- Task description
Only one span of the material below is wanted. Output it exactly, from the line with "Louisiana National Guard" through the line with "OkaB Black Starfish Sandals", without any pictures.

- Entries supplied
Segment Open

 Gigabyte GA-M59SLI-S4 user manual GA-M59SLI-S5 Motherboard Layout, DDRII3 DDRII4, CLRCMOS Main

Segment Closed
Segment Open

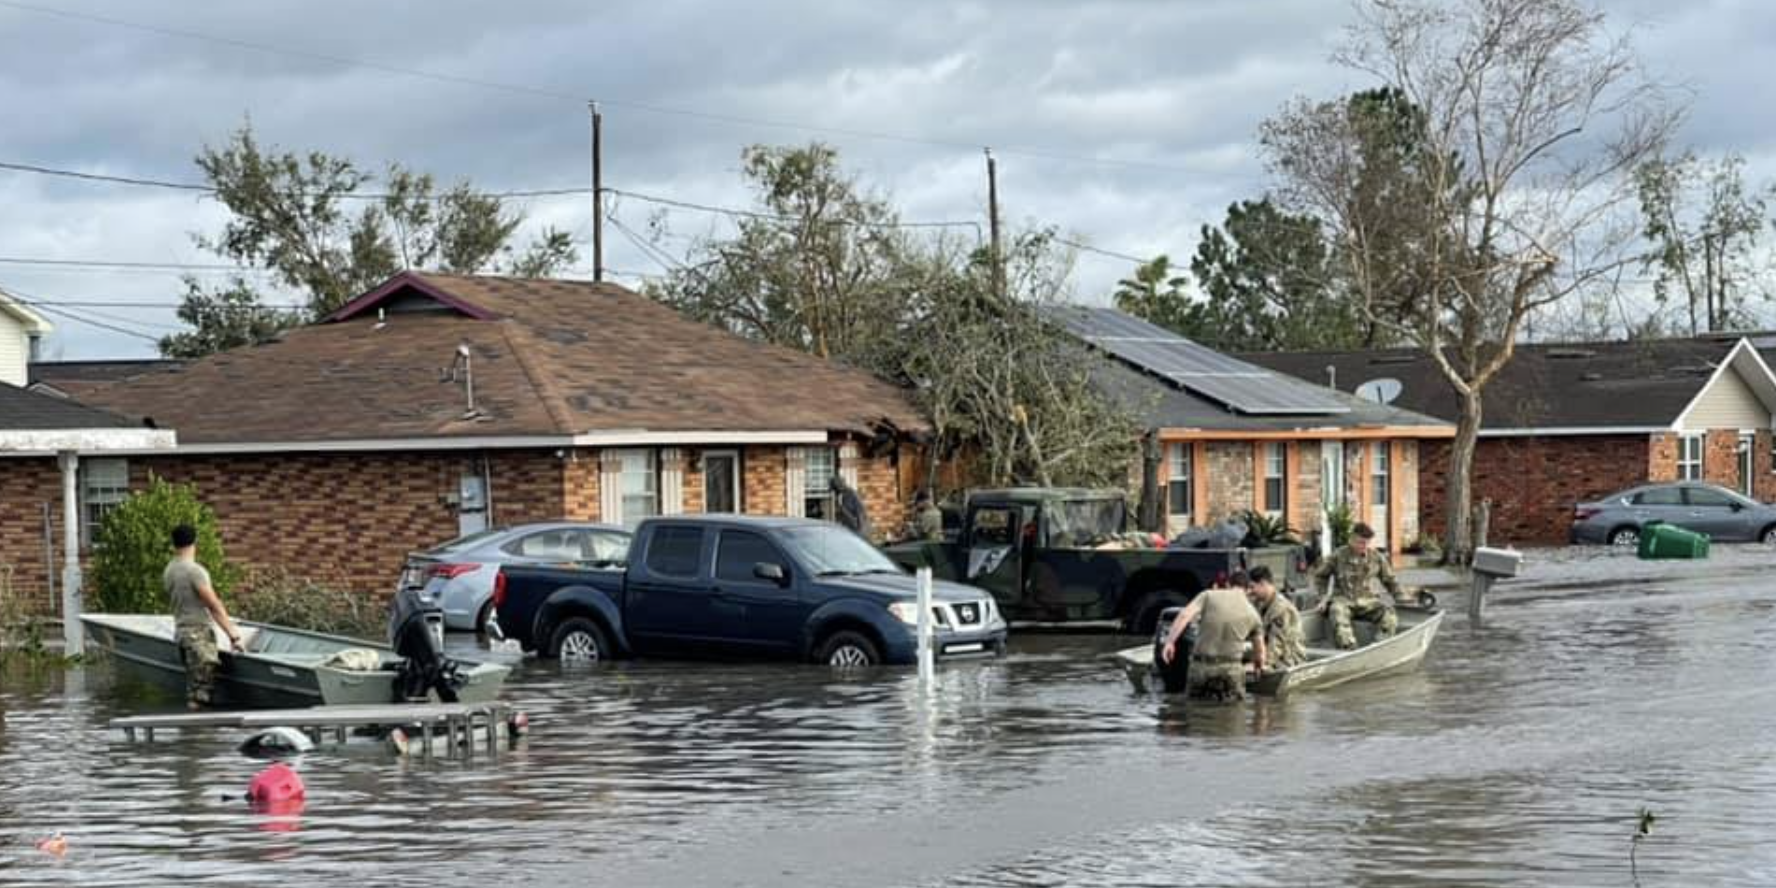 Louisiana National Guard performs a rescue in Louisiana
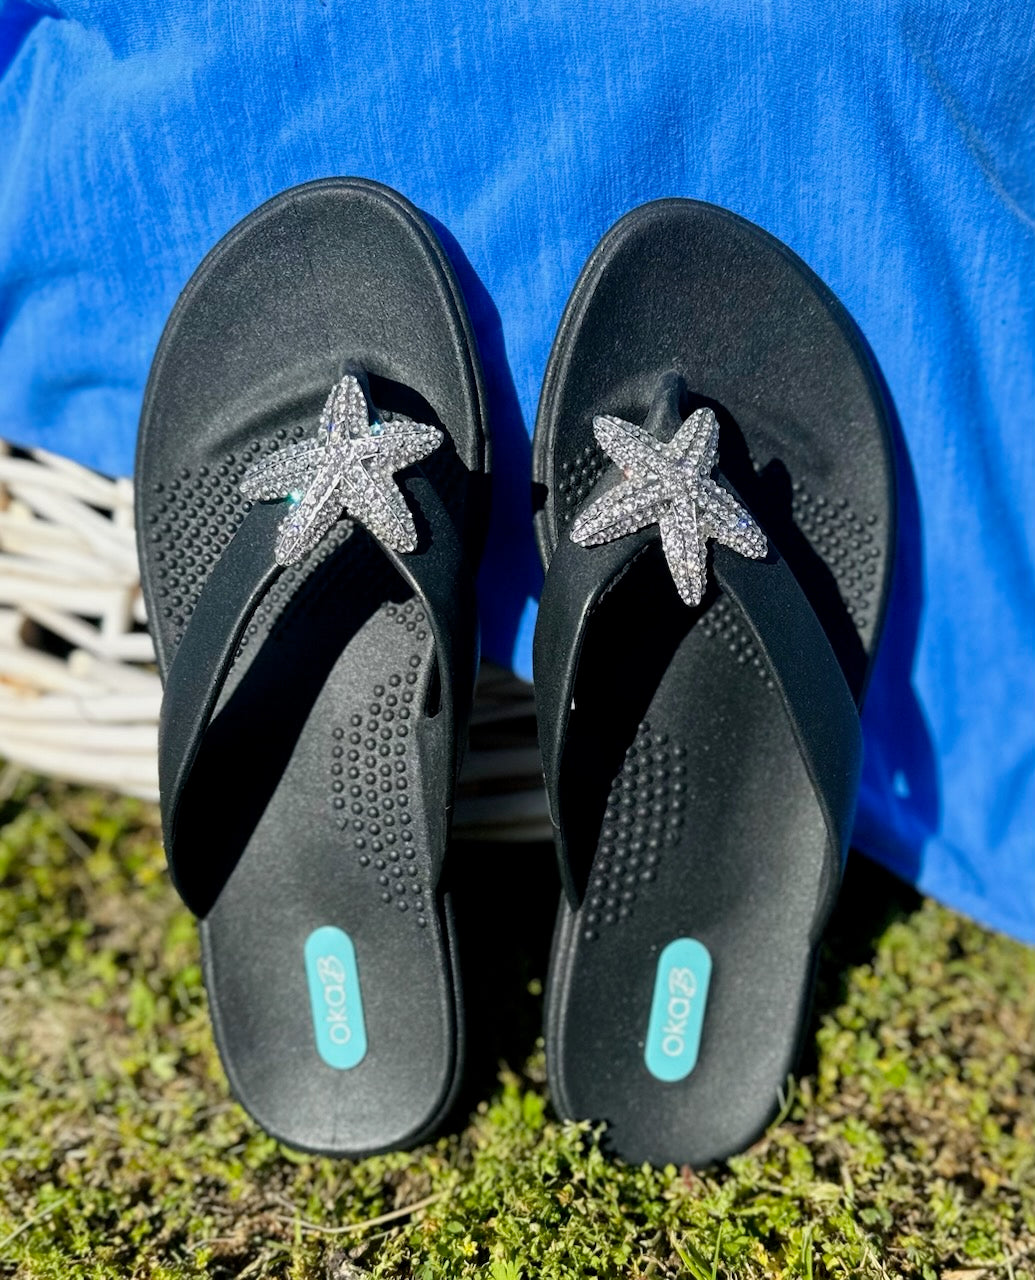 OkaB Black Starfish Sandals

Segment Closed
Segment Open

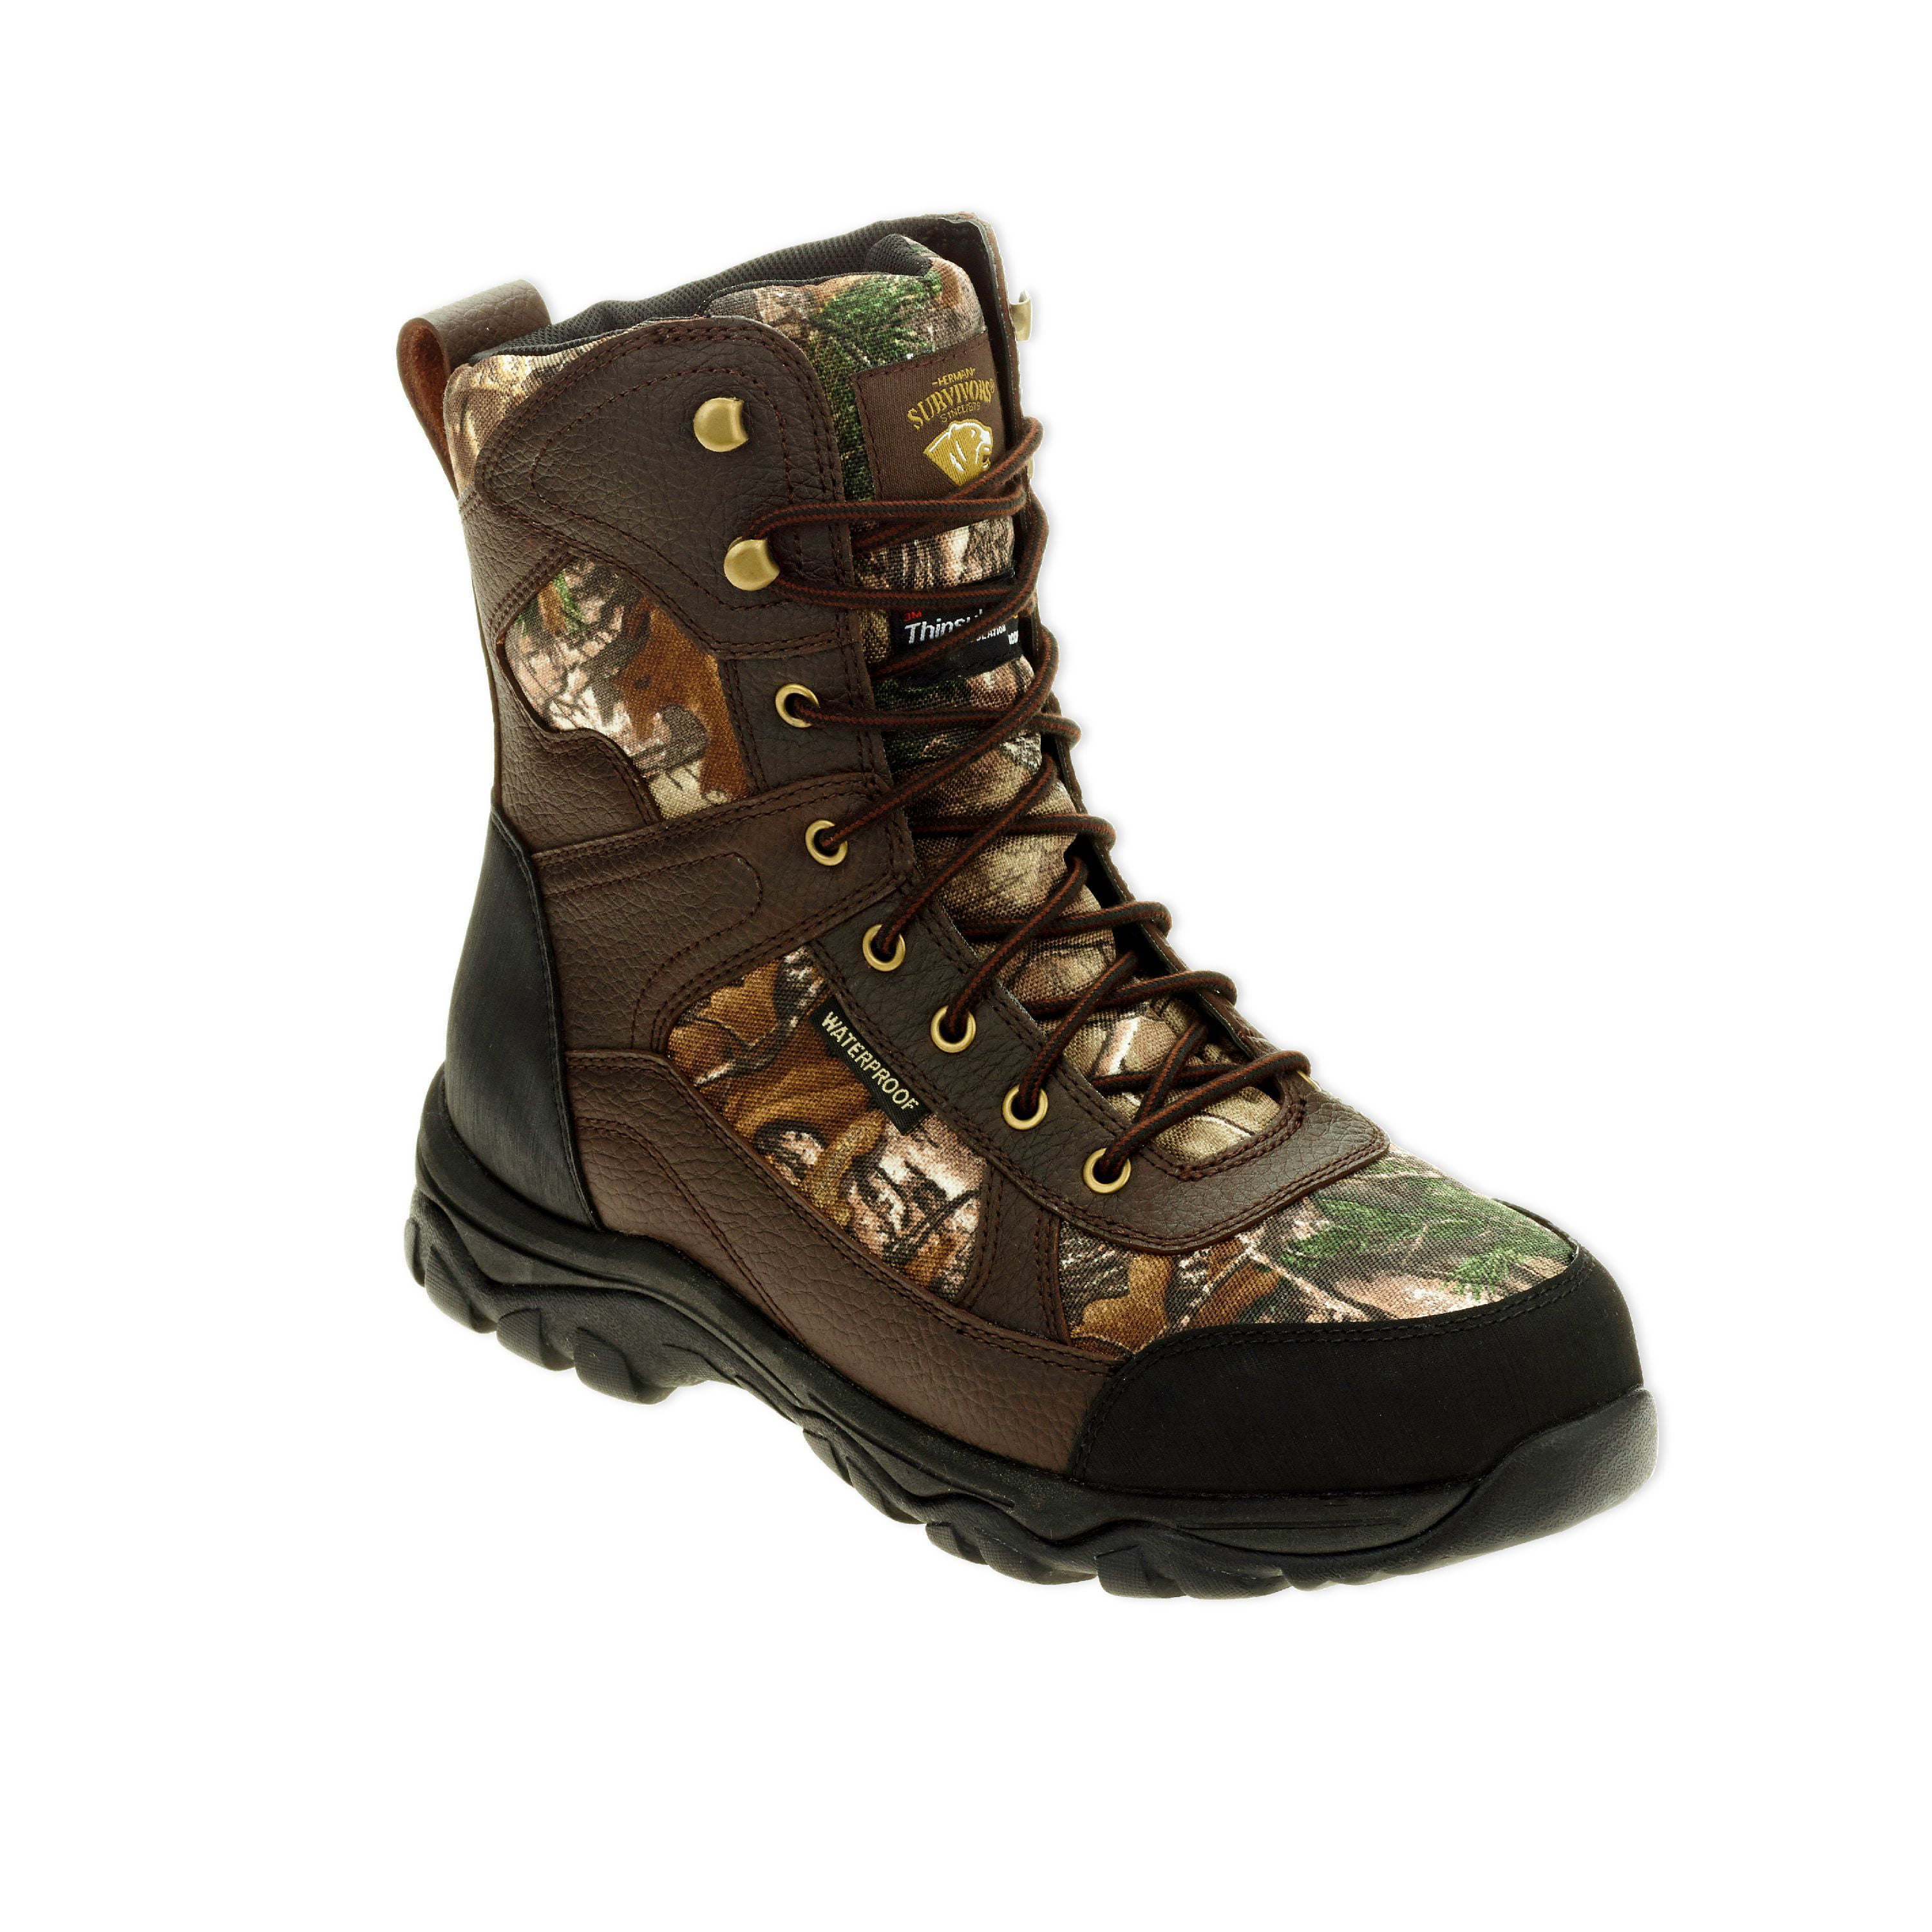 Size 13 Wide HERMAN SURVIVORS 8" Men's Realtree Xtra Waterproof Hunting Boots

Segment Closed

- Solved problem
 Louisiana National Guard performs a rescue in Louisiana
 OkaB Black Starfish Sandals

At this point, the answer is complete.